For beloved soulmate @schoute! ~9800 words; read on AO3 instead.
***********************
The thug took an aggressive step closer to Samson. “Come on, you sack of shite,” he sneered. “What’s wrong, too much of a ponce to throw a punch?” 
The thug’s two buddies jeered and snickered. Samson tucked his hands in his pockets and tried to look as non-threatening as possible. “Listen, fellas, I’m a waste of your time. Ain’t got a single coin to my name. I’m just trying to make a living on my corner here.” 
The thug stepped even closer. “I didn’t say you could talk back.” He glanced at his beefy buddies. “Did you ‘ear me say he could talk back?”
“I didn’t,” one crony said.
“I didn’t neither,” the other said. 
A real brain trust we have here, Samson thought sourly. He wrestled his expression into a pitiful hangdog sort of look. “I wasn’t bothering no one. I swear I won’t bother you if you just let me on my merry way.” 
“Shut your fuckin’ hole,” the main thug snarled. “Unless you’re looking to die today?” 
Samson didn’t reply. After a few seconds of awkward silence, the thug curled his lip. “What, now you decide to go all quiet?” 
Samson still didn’t reply, and the thug scowled. “The fuck’s wrong with you, eh?” 
Samson gritted his teeth, then bowed his head slightly in a would-be-polite gesture. “You said to shut my hole. Just trying to accommodate.”
He should have known better than to speak. The main thug pulled a dirty switchblade from his pocket. “We got a smart one ‘ere, boys. What say we teach him a lesson?”
Samson sighed. “Come on, there’s no need–”
The thug suddenly swiped at his face with the blade. Samson instinctively lifted his left arm to deflect the blow, and a red-hot stripe of pain lashed across his forearm.

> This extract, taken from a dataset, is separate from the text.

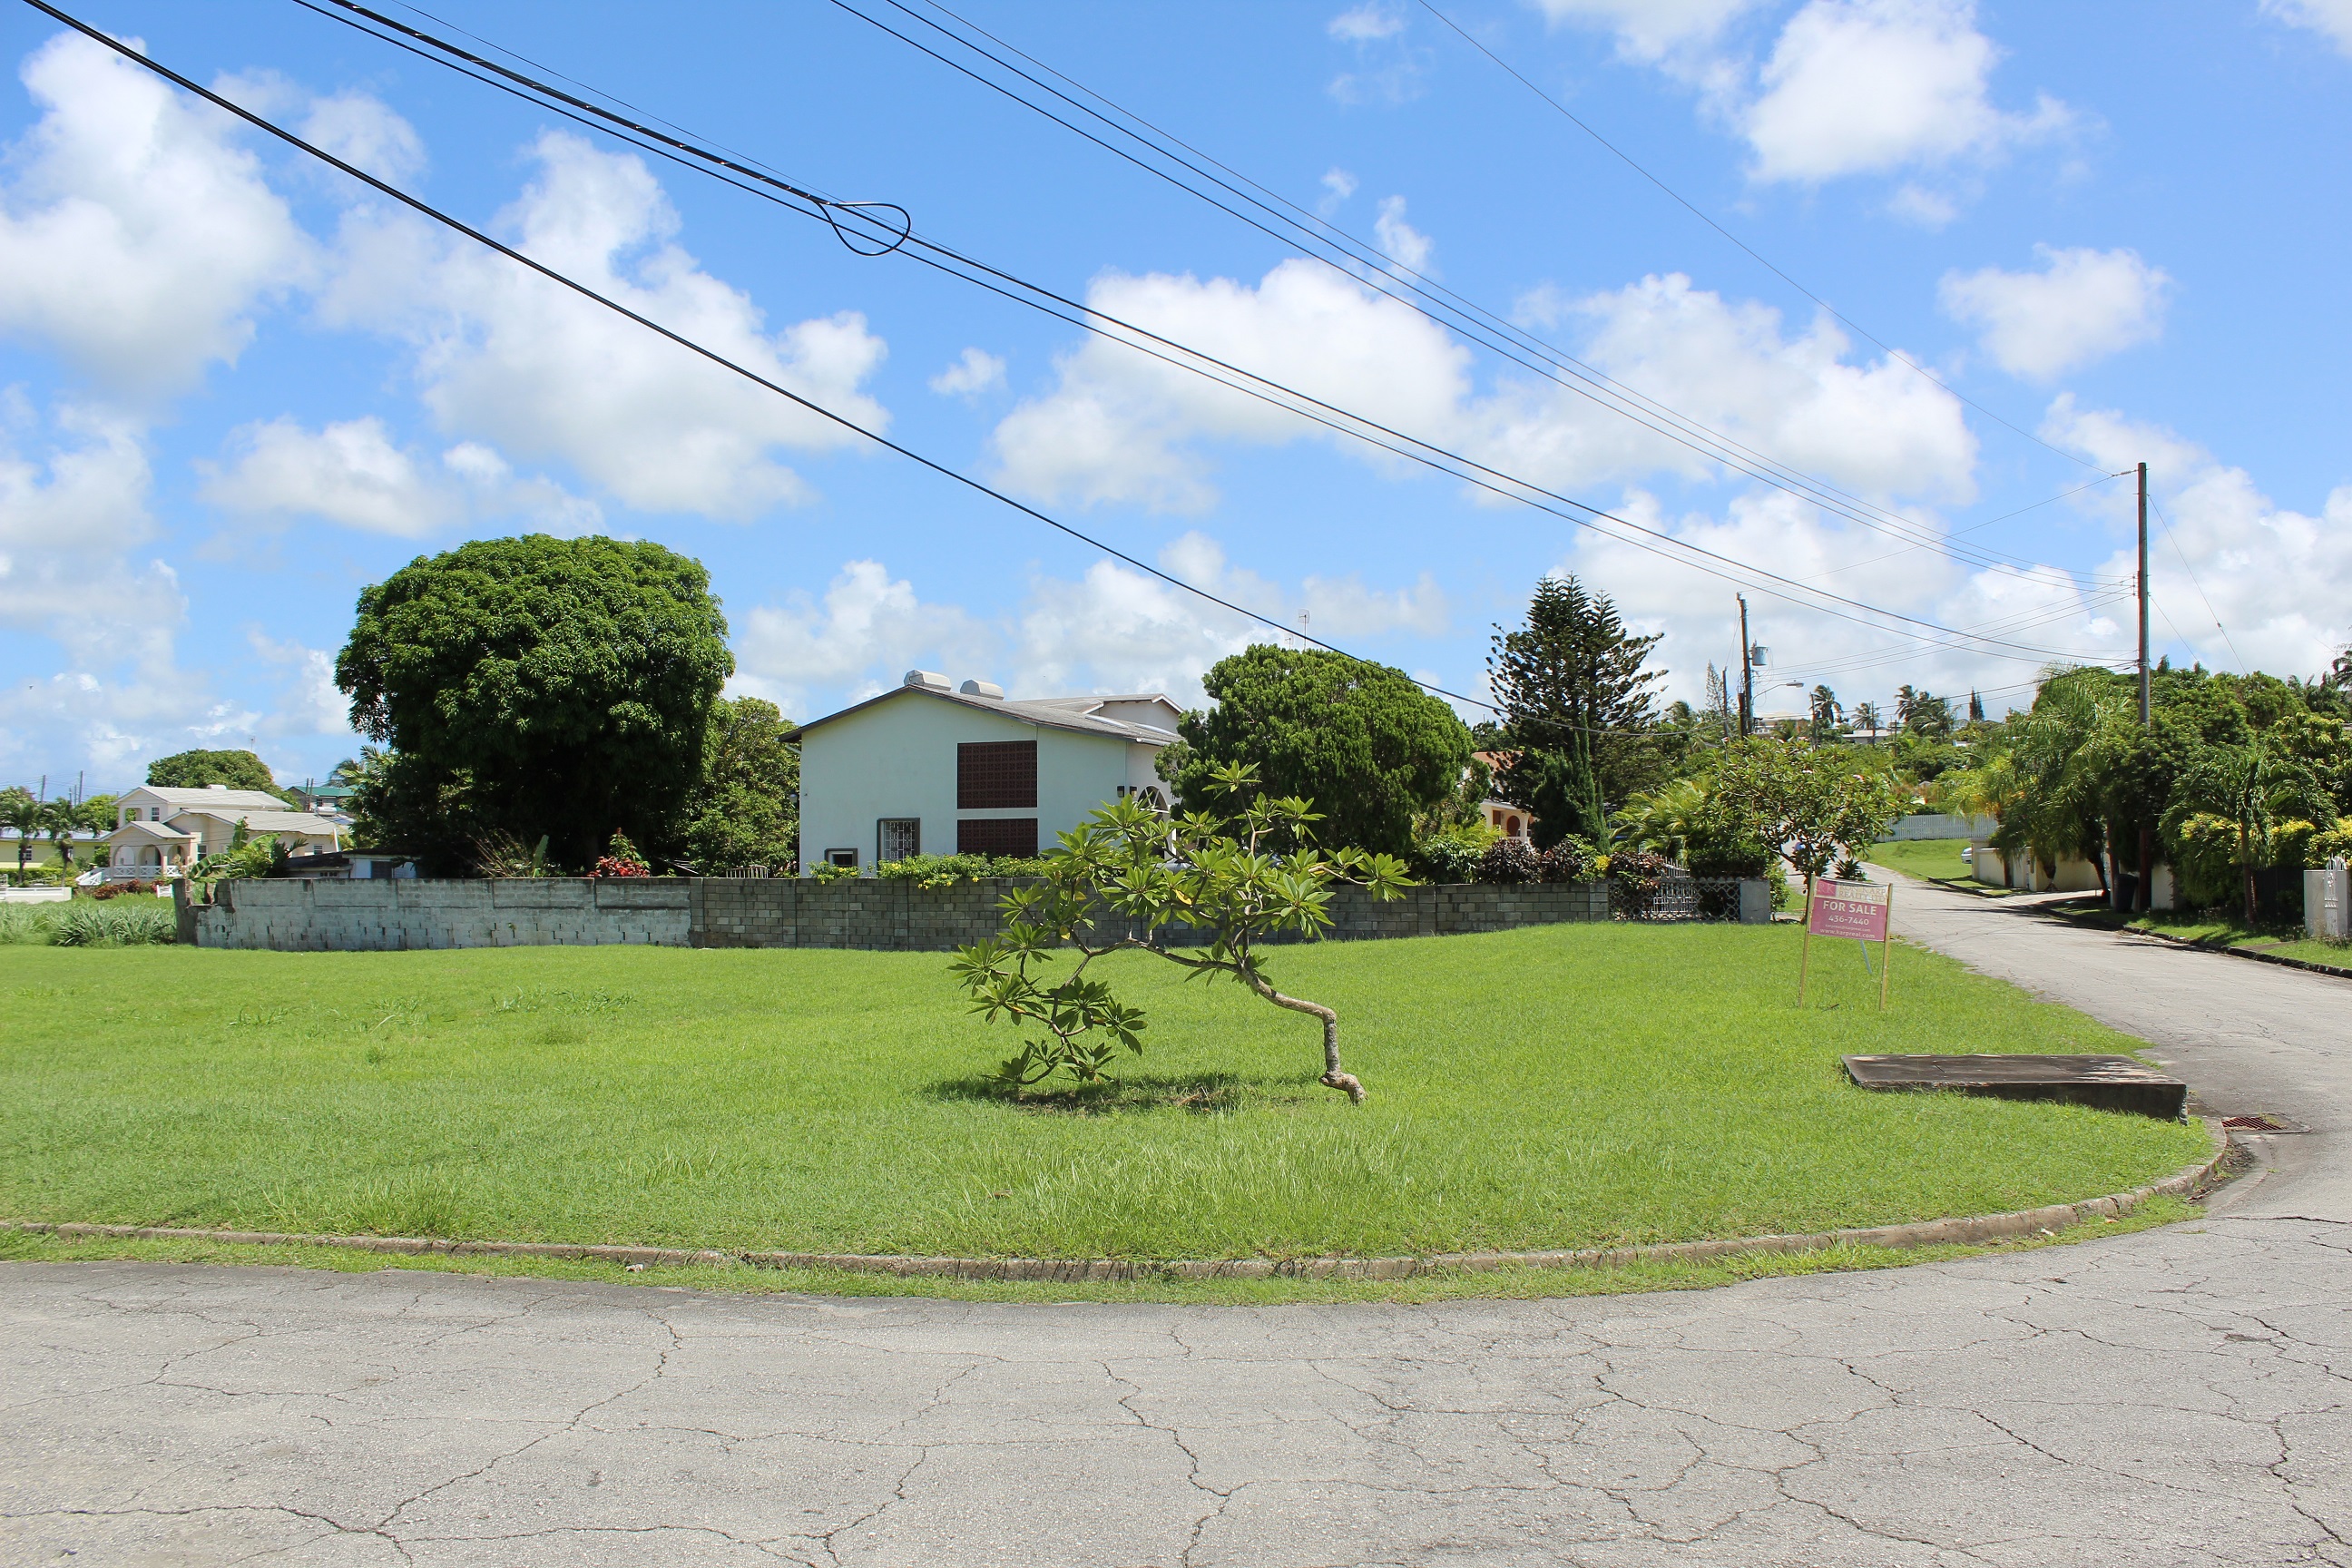 Durants Development, Lot 44A, Christ Church Barbados

You don’t have gauntlets anymore, idiot, he told himself angrily. He ignored the pain in his arm and held up his hands in surrender while backing away — backing his way toward an alley that twisted into a narrow passage that these burly thugs wouldn’t be able to follow him down. “Please,” he begged. “I’m not lookin’ for a fight here.”
The thug ignored him. “Grab him,” he said to his cronies.

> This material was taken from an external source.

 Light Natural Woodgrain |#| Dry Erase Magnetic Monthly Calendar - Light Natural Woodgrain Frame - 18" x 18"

The cronies stepped toward him. He backed away and prepared himself to run–
“Back the fuck off. Now.”
The harsh command came from Samson’s left, and he wilted. A second later, Roman Hawke was standing in front of him with her arms folded.
She narrowed her eyes at the three huge thugs. “I said back it up. Right now.”

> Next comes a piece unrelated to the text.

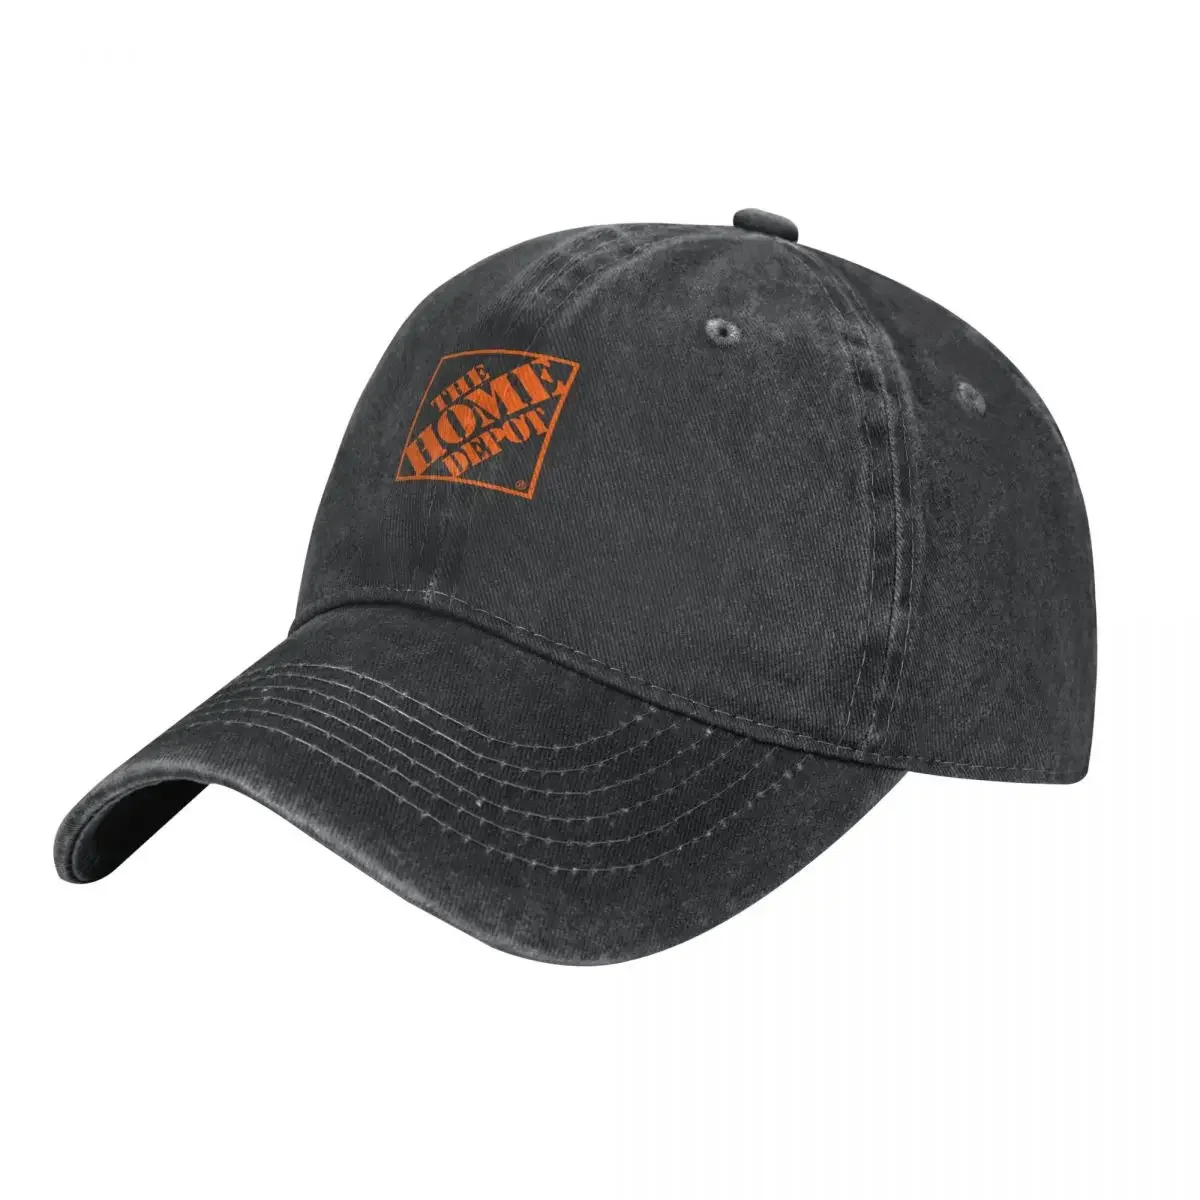 

BEST SELLER Home Depot Merchandise Essential Copy Active T-Shirt Cowboy Hat Golf beach hat Gentleman Hat Mens Tennis Women's

Samson sighed, then edged closer to her. “Bird–”
The main thug laughed nastily. “What’s this, then? The beggar’s got himself a whore?”
Roman swelled to her full height. “What the fuck did you just call me?” she barked.
Here we go, Samson thought tiredly. The main thug guffawed, then turned to his buddies. “Listen to this… hey, what’s wrong with you?”
The thug’s two friends were holding back and looking apprehensive. “That’s Hawke,” one of them said. 
The main thug frowned. “Eh?”
“It’s Hawke,” his other friend hissed. “You know, Hawke. The one who blew up the deep roads and took down a bunch of golems with Varric Tethras a couple months back.” He gave Roman a scared look. “I hear she’s an abomination.”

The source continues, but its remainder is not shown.